When angry opinion meets elegant articulation, our culture celebrates. Brilliant put-downs, abusive comments, and eloquent backhands titillate us, though we still manage to maintain the “I’m a good person” illusion while we scan the latest smart-mouth essay. My questions are these: do we recognize it for what it is? And do we handle it rightly?
The invective industry is massive. Every major newspaper and magazine and news channel has their opinionated curmudgeon, complaining about whatever they happened to stub their toe on that week. Maureen Dowd and Ann Coulter, Al Franken and Rush Limbaugh, Bill O’Reilly and Lou Dobbs all represent a wide variety on the political spectrum, but a startlingly narrow corner of human interaction. Their strength and influence flow from their ability to be perpetually angry, combined with a talent for turning a phrase or exposing an inconsistency.
Not surprisingly, the popularity of angry yet well-worded opinions is nothing new. In 1935, Sir Desmond MacCarthy wrote a short essay entitled simply, “Invective.” In three simple paragraphs, he highlights some interesting things.
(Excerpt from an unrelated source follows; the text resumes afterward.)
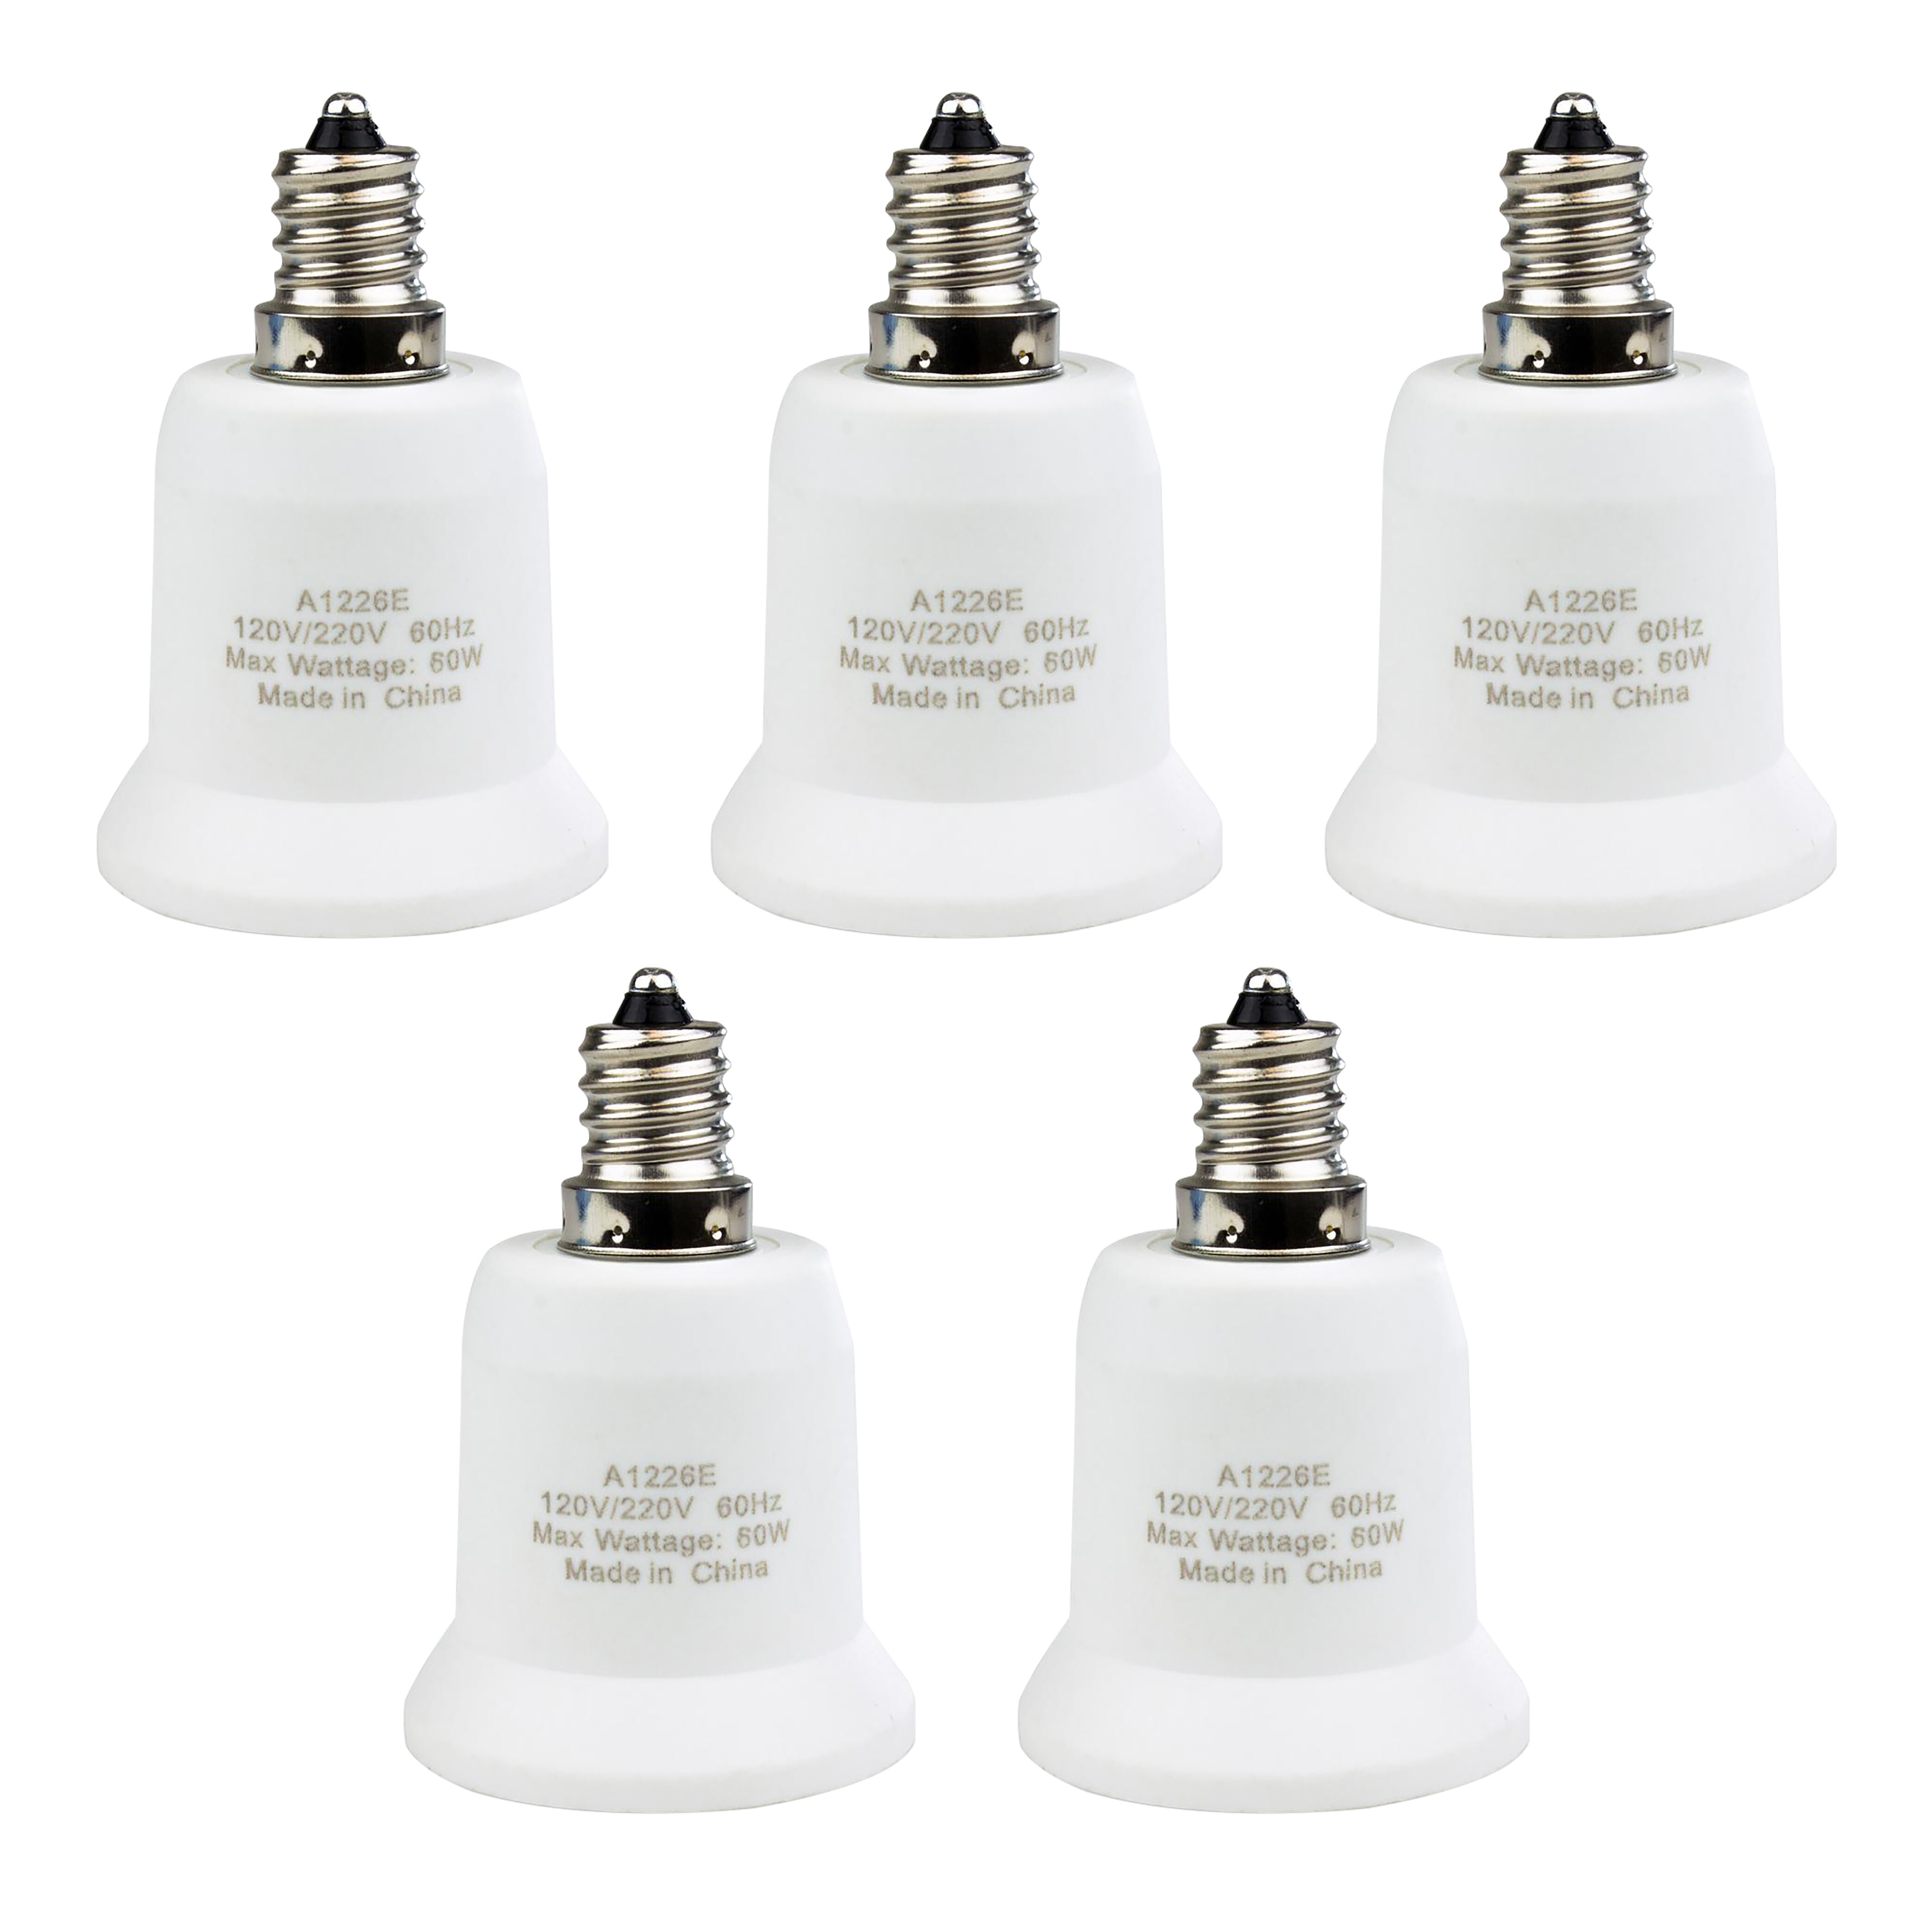 https://assets.wfcdn.com/im/44592962/compr-r85/1855/185589181/adaptateur-de-douille-dampoule-candelabre-a-lampe-standard.jpg

1. Invective is usually done for the pleasure of the angry more than any real desire for change. If you are conservative, have you been eagerly reading Maureen Dowd to gain insight on how you should live? If you are liberal, is Rush Limbaugh saved in your top 5 radio stations? Not likely. They do what they do for the sake of those who already agree, not for those who do not.
2. Producers of invective must sustain widespread annoyance, and so consistently generalize the truth to produce a particular effect. Try comparing essays from conservative and liberal essayists on the same topic (for instance, is Tom Dashle qualified to be HHS Secretary?). You’ll find no healthy interaction on agreed-upon terms; instead, you’ll see them stretch and over- or under-emphasize the value of particular facts for the sake of their agenda.
3. Producers of invective sacrifice spiritual honesty to excel in their craft.
To “get into character” of being angry at everything, they must convince themselves that their reasons for anger are legitimate. This forces them to gloss over their REAL reasons for their annoyance toward something – and these reasons often include envy, childhood hurts, perceived slights, a desperate need for validation, a lack of confidence, or the sting of other negative personal experiences.
4. Invective tends to make opposition feel comfortable with extremism. After all, if liberals are constantly mad at the things you (as a conservative) say, you must be doing something right! As a result, the angrier their denunciations, the more happy you feel about your decisions, even if they truly are the wrong ones. Christians need to be especially careful here. How easily we say, “The world will hate us, so the fact that my coworkers hate how I tell them they are going to hell is a good thing! I’m doing something right if I have no non-Christian friends!”
These insights present a strong challenge. The fact is, we don’t just see, acknowledge or listen to unconstructive invective; we participate. We become more and more angry as we spend our time with people who agree with us, and become more extreme in our criticisms of “them.” We focus all our online reading on the magazines and newspapers and opinion writers who are the sharpest at turning a phrase that supports what we already believe. We allow anger and even hatred to build in our hearts against anyone whose understanding of citizenship differs from our holy opinions.
And, heaven help us, we blog.
We blog about the candidates we dislike, the theological perspectives we dislike, the people we dislike. We border on hatred for Hollywood executives, liberals or conservatives in the media, or mainline denominations. When someone we used to agree with has a change of heart, we reject them. When someone we used to disagree with begins to agree with our perspective, we act as if it is an absolute validation of our personal perspective. We use the flexibility of words to make the things we dislike seem more disagreeable than the boring truth. In short, we are hateful and destructive liars, patting ourselves on the back for our helpful and constructive protection of the Truth as communicated by Us.
As Christians, we need to come to terms with this problem. We need to repent of our cruelty, and live wisely. We need to speak the truth in all its nuance and subtlety. We need to appreciate the intentions of the Other, and show charity for their goals and dreams and desires even when they differ from our own. And some days, we need to delete an angry blog post or end a snotty conversation… and walk away.
The Gospel is complete and sufficient in itself. It does not need our anger, lies, or manipulation of the truth to be spoken clearly. Let us live as those whose faith is in God above kings, Christ above politics, and Scripture above invective.